Jonna erwartete einen Kommentar von Cheroux, aber ihr Observer brach die Verbindung schweigend ab.

Jonna steckte den Scanner in die Tasche und stieg die Rampe hinauf - in normalem Tempo, obwohl ihr eher nach Rennen zumute war. Aber in Shangrilah-West herrschte Hochbetrieb: Roller-Tube-Teams, Skater, Pyram-Riders, Ramp-Slider, eine Hockey-Mannschaft, alle mit reichlich Gepäck, von einem Troß von Trainern, Helfern und Fans umgeben - Jonna entsann sich düster, daß für die nächsten Tage eine Reihe von Ausscheidungskämpfen für die Stadt-Olympiade auf dem Programm standen.

Durch eine Tür mit einer gelben Sonne auf hellblauem Grund gelangte sie in den Sicherheitsbereich des Schleusentrakts. Sie öffnete das innere Schott: über der ersten Schleuse brannte das rote Licht - das Außenschott war immer noch offen. Wenn Sikkim es schaffte, auch die innere Tür zu öffnen, würde das System sich nicht länger davon abhalten lassen, lauthals Alarm zu schlagen.

"Wie lange wird es dauern, bis die Leute da draußen in ihren Zügen sitzen?" fragte Jonna leise.

"Fast fünfzehn Minuten."

"Gib bitte dis dahin keinen Alarm! Wenn die alle anfangen, zu rennen, wird es Verletzte geben!"

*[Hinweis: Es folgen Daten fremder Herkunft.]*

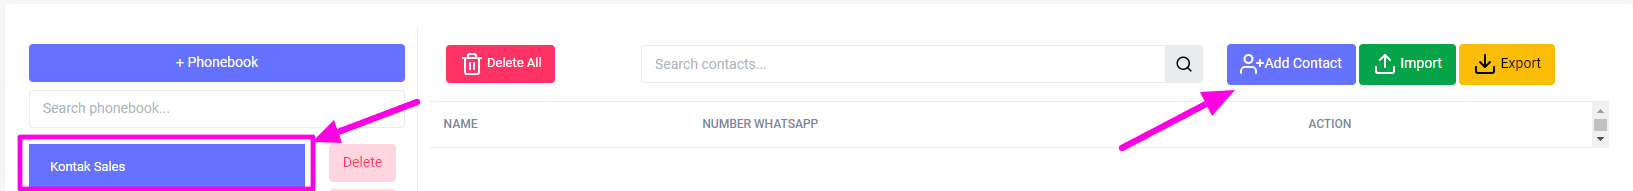 tambah daftar kontak whatsapp gateway

"Ich werde warten", versprach das System.

Jonna lauschte an der Tür. Sie konnte hören, wie Sikkim auf der anderen Seite arbeitete, aber was er tat, ergab keinen Sinn: er zerrte, zog und rüttelte am Öffnungsbügel herum, als hätte er alles vergessen, was er jemals über den Umgang mit Schleusentüren gelernt hatte.

So schafft er es nie!


Unter den gegebenen Umständen war das eine durchaus beruhigende Feststellung und dennoch ein Quell neuer Sorgen: Sikkims Verhalten war völlig absurd.

Warum
erhielt er sich so abwegig? Na schön, um seine Immunität war es nicht mehr sonderlich gut bestellt, aber das hatte doch nichts mit seinem Verstand zu tun! Jonna kannte ihn als einen klugen, mutigen und integren Mann. Wie paßte das alles zusammen?

Sie ging ein paar Türen weiter, öffnete eine der Schleusen und trat in die Außenwelt hinaus.

Vor ihr lag eine riesige, von Gras und Moos überwucherte Plattform, die sich wie ein langgezogenes Riff rund hundert Meter weit in die Außenwelt erstreckte: eine ehemalige Ladezone, Überbleibsel aus der Zeit, als man Shangrilah erbaut hatte.

Jonna schlich sich an die offene Schleusentür heran, ging in die Hocke und spähte um die Ecke.

Sikkim war nur etwa vier Meter von ihr entfernt. Er zerrte immer noch an dem inneren Schott herum. Er sah sich nicht um, schenkte seiner Umgebung keinerlei Aufmerksamkeit. Da er seinen Scanner nicht benutzte, hatte er wahrscheinlich noch nicht einmal bemerkt, daß seine Verbindung zum System unterbrochen war.

Die von Tralman erbetene Frist war abgelaufen. Jonna betrat die Schleuse. Sikkim wandte ihr den Rücken zu. Er schien sie gar nicht wahrzunehmen.

Sie stellte Sikkims Tasche beiseite und schloß das Außenschott. Im nächsten Augenblick brach die Hölle los.

"SIKKIM! HÖR SOFORT MIT DEM UNSINN AUF UND GEH VON DER TÜR WEG!"

Das war Tralmans Stimme, vom Lautsprecher in der Schleusenkammer zu einem schier unerträglichen Gebrüll verstärkt.

"Sind Sie irre?" schrie Jonna wütend. "Schalten Sie sofort den verdammten Krach ab!"

Sikkim fuhr herum. Für einen Augenblick stand er regungslos da, starrte Jonna an, die Arme erhoben, wie ein wütender Bär. Es war offensichtlich, daß er sie nicht erkannte: er blickte durch sie hindurch, als wäre sie aus Glas.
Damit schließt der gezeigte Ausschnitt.